As numerous images in Backwards to Britain imply, such as the juxtaposition of Scott with James Watt or the description of modern gas taps in ancient castles, Verne was especially interested in emphasizing Scotland's evocative combination of a legendary past and an intriguingly modern, scientifically innovative present. In Verne's novels, Scotland is depicted a land of utopian possibilities, as is suggested by his fictional underground city New Aberfoyle in The Black Indies or the dreams of an ideal Scottish island settlement imagined in The Children of Captain Grant.

The idea of moving backwards, as reflected in both the French and the English published titles, is a central motif in the novel. Verne continued to explore it throughout the novels published during his lifetime, collectively known as the Voyages Extraordinaires. In these novels, progress is often characterized not merely as going forward into the future but also as revisiting and gaining a better understanding of the past and present.

==Publication==
In 1862, Verne submitted Backwards to Britain to the publisher Pierre-Jules Hetzel.
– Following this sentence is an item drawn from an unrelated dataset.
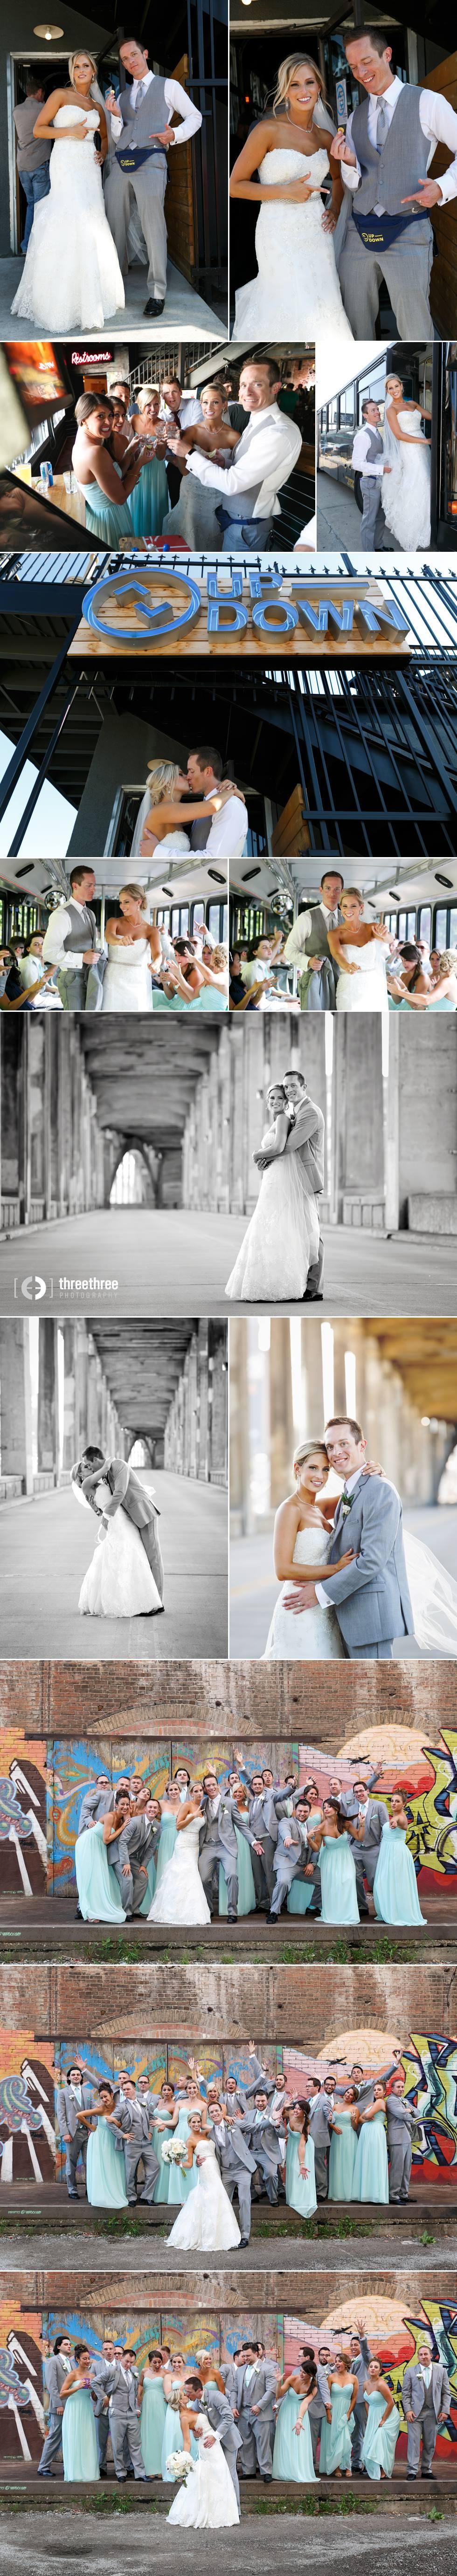 Natalie_AJ_wedding 13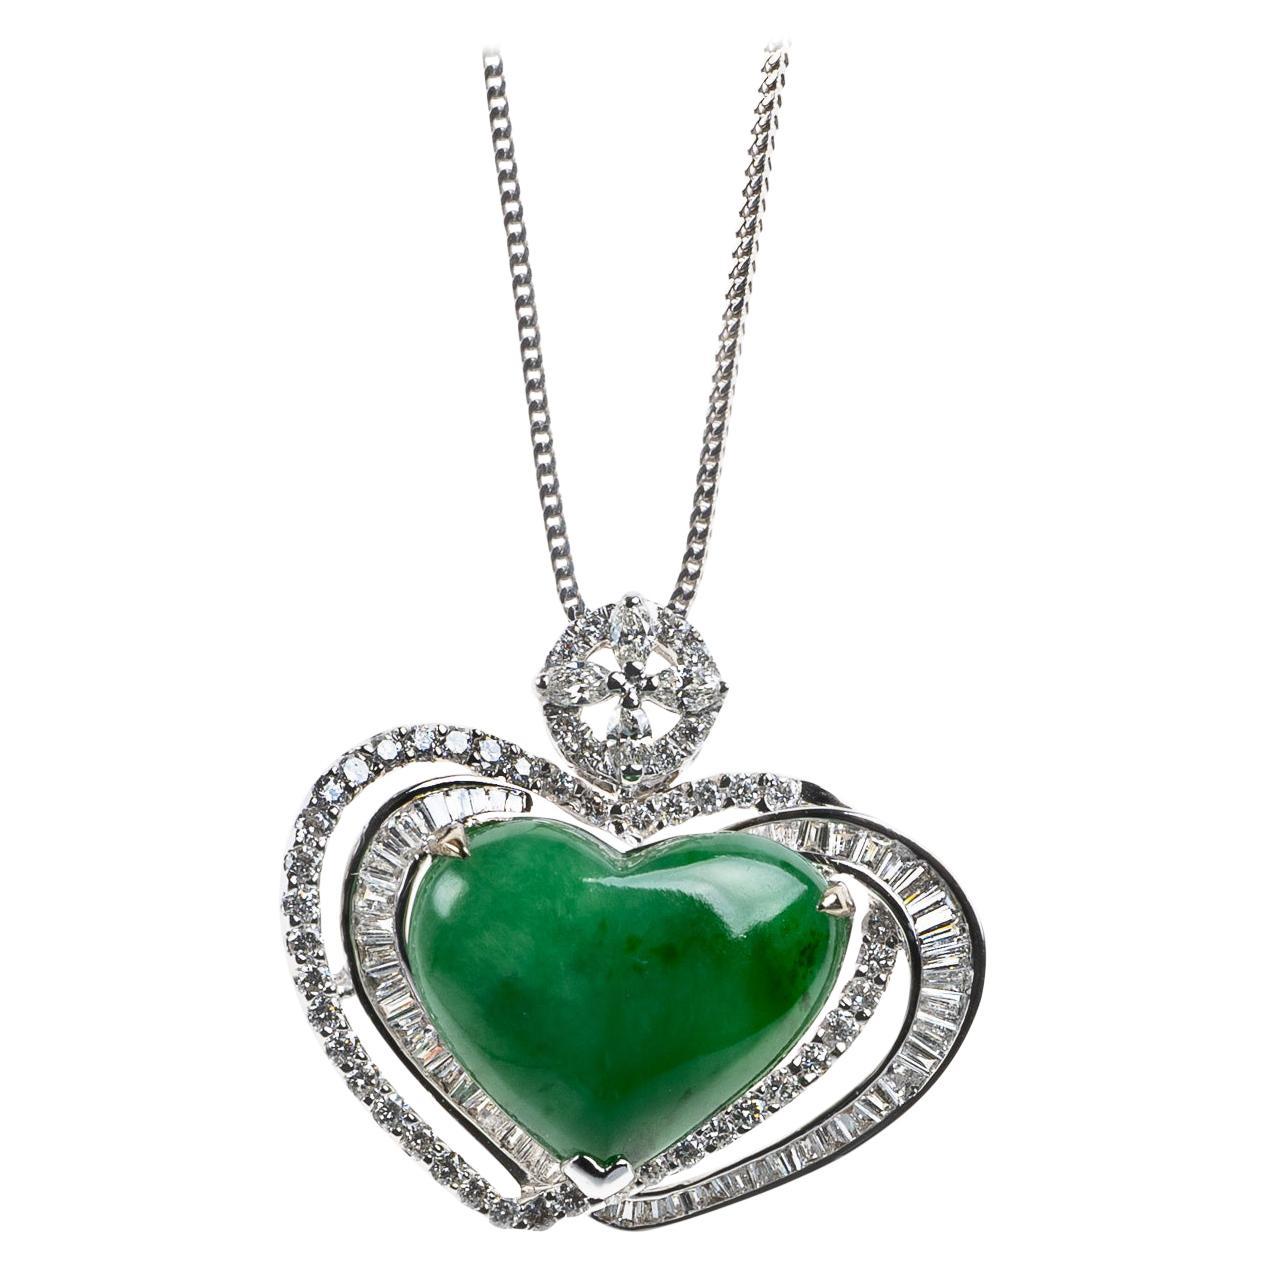 Green Jadeite Jade Heart Cabochon and Diamond Pendant, Certified Untreated

Hetzel rejected it, but he accepted another Verne manuscript involving the more timely themes of ballooning and African explorations; it was published in 1863 as Five Weeks in a Balloon. The rejected manuscript of Backwards to Britain was eventually acquired by the Bibliothèque de la Ville de Nantes.

Backwards to Britain was first published in an edition edited by Christian Robin, Voyage à reculons en Angleterre et en Ecosse (Paris: Le Cherche Midi, 1989), including the text, facsimiles of two pages of the manuscript, a map, and 84 images from contemporary sources. An English translation by Janice Valls-Russell was published by W & R Chambers Ltd in 1992.